The Produce for Better Health Foundation (PBH) reported in its “State of the Plate: America’s Fruit and Vegetable Consumption Trends” that Americans continue on a 15-year decline in the consumption of fruits and vegetables. The report shows that fruit and vegetable consumption has declined nearly 10%, and that Americans are eating produce just once each day. The news is troubling given the breadth of research that supports the diet and health benefits of consuming a variety of fruit and vegetables in recommended amounts. Additionally, juice consumption declined 8% over the past five years.
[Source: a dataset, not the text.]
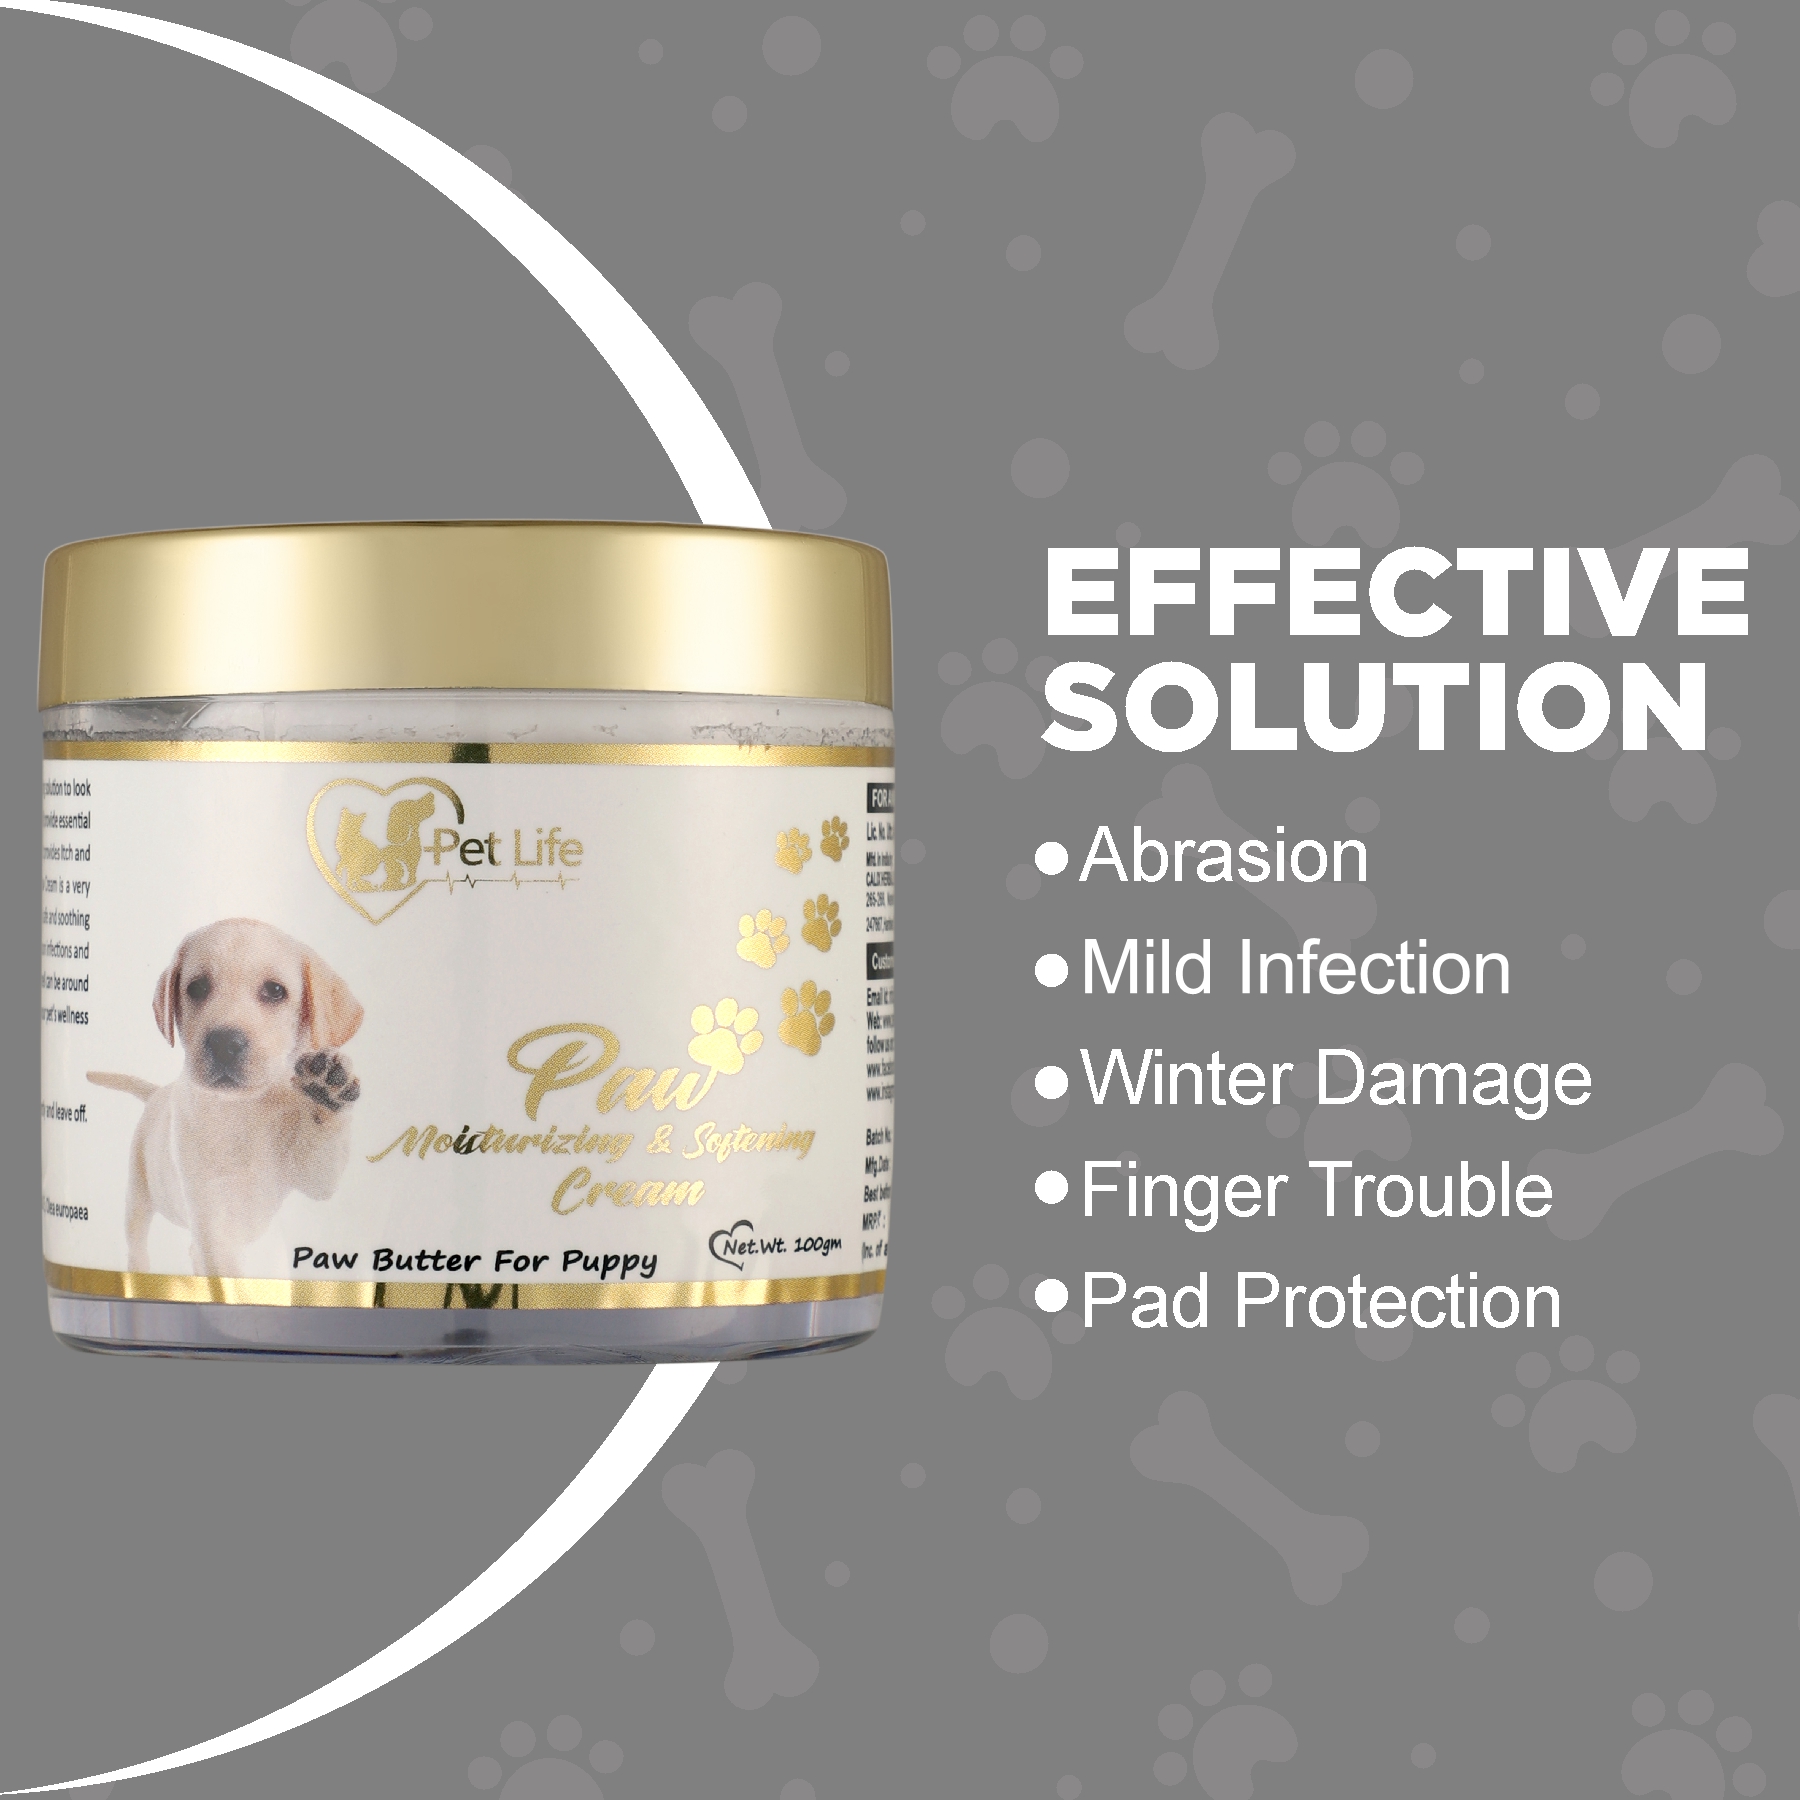 Organic Paw Moisturizing & Softening Cream For Puppy Cracked & Chapped Paws|

Leading the charge in this downward trend is a decrease in the frequency of vegetable and 100% fruit juice eating occasions — down 16% and 15%, respectively, since 2004. Nearly one quarter of Americans did not eat any fruit over the course of the week. Although the amount of fruit (not including juice) consumed at each occasion rose, it was not enough to stem overall declines.

Declining juice consumption is occurring in all age groups. Overall, declines in consumption of fruits and vegetables were highest for older millennials.
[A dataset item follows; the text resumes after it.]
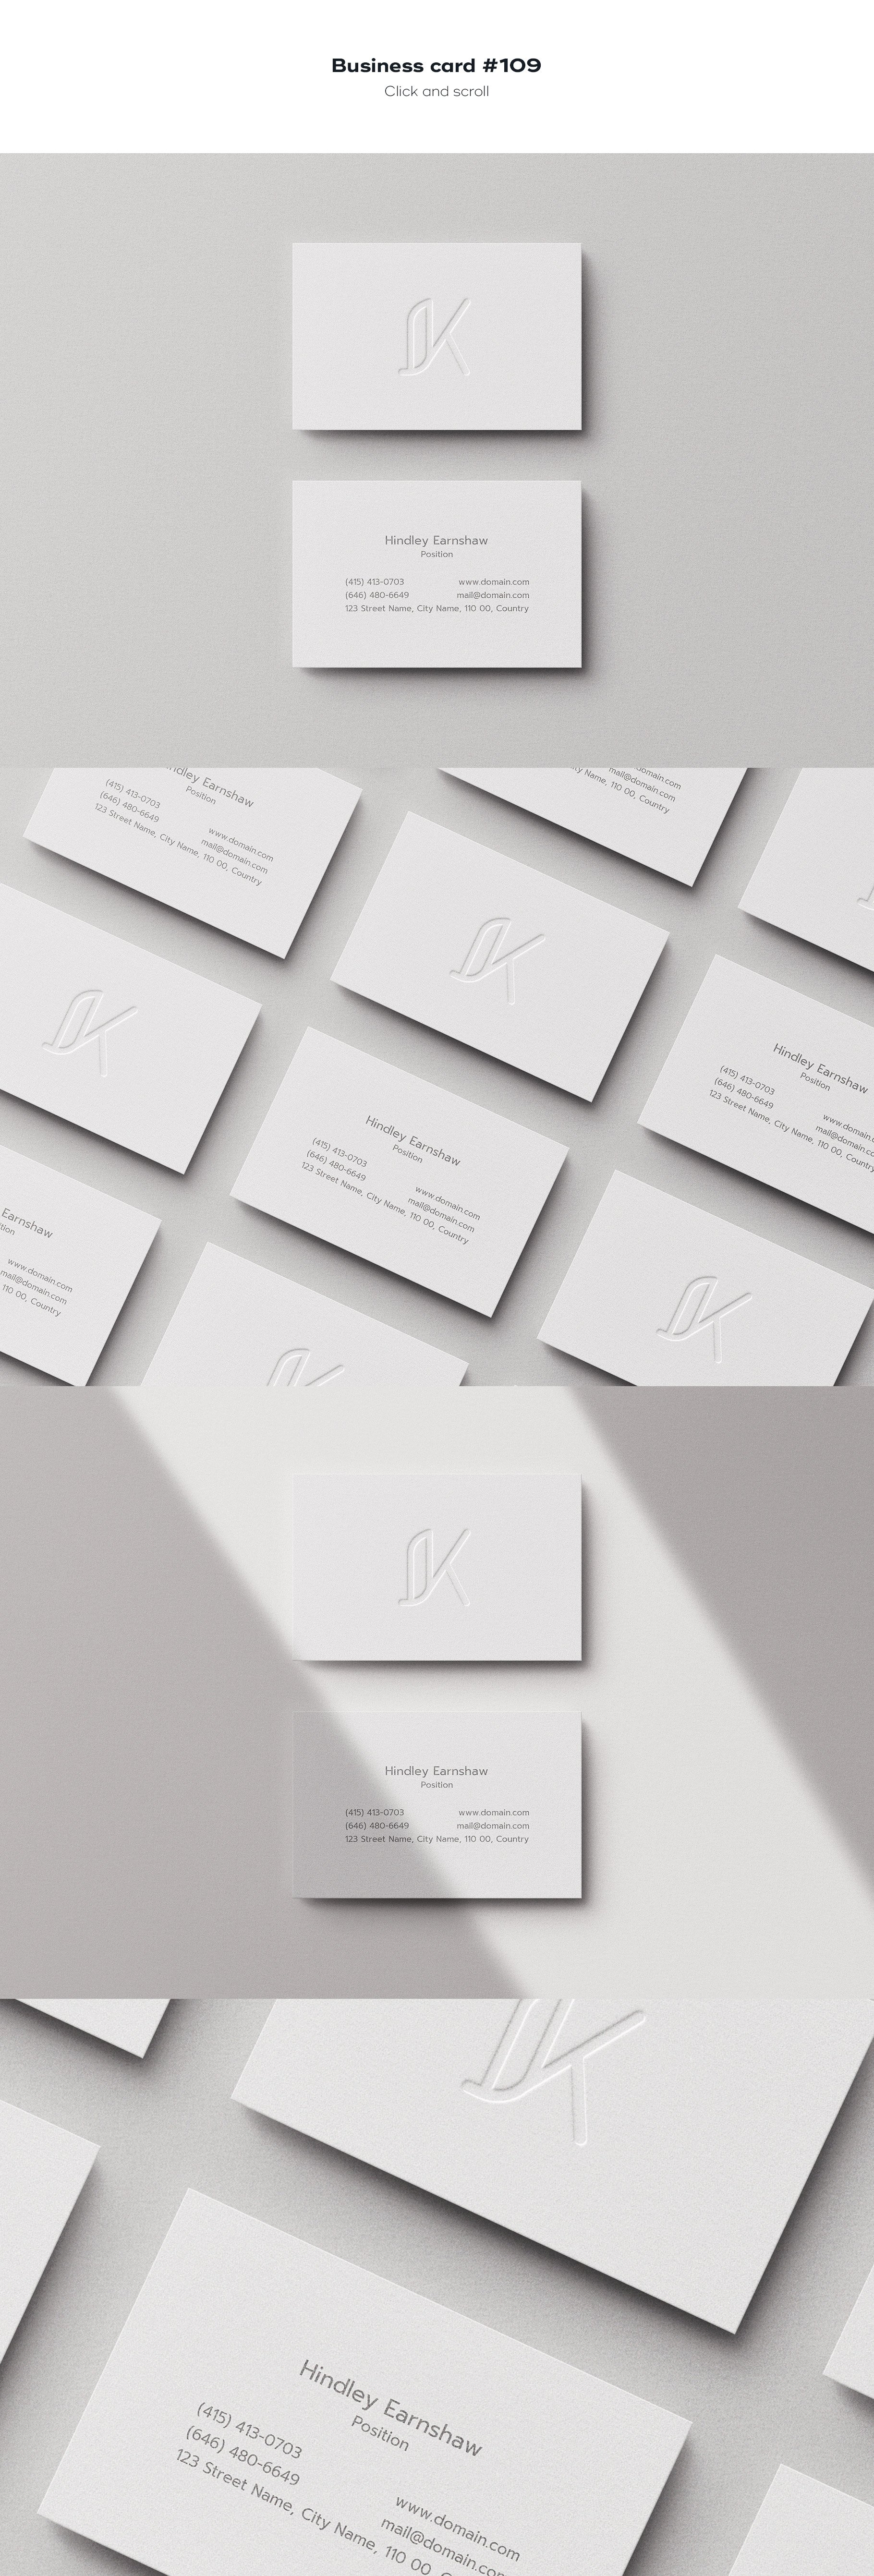 business card 109 612

“Our own research on OJ, using a nationally representative sample of Americans, is similar to PBH’s data in that we showed significant decreases in 100% juice intake and some increases in whole fruit intake in certain age groups over time,” said Gail Rampersaud, a registered dietitian nutritionist with the Florida Department of Citrus. “Additionally, our data show an overall decrease in vitamin C intake over that time period, so obviously the loss of vitamin C from juice, particularly OJ, is not being replaced by whole fruit or other foods.”

Some other trends noted in the PBH report were that oranges were the fourth highest fruit consumed based on number of eating occasions, and that citrus ranked as the fourth highest fruit consumed by volume.  Orange juice continues to be the most popular juice consumed but, after fruit/vegetable juice blends, also has one of the highest consumption declines over the past five years. Grapefruit juice and orange juice ranked as the top two juices consumed by volume.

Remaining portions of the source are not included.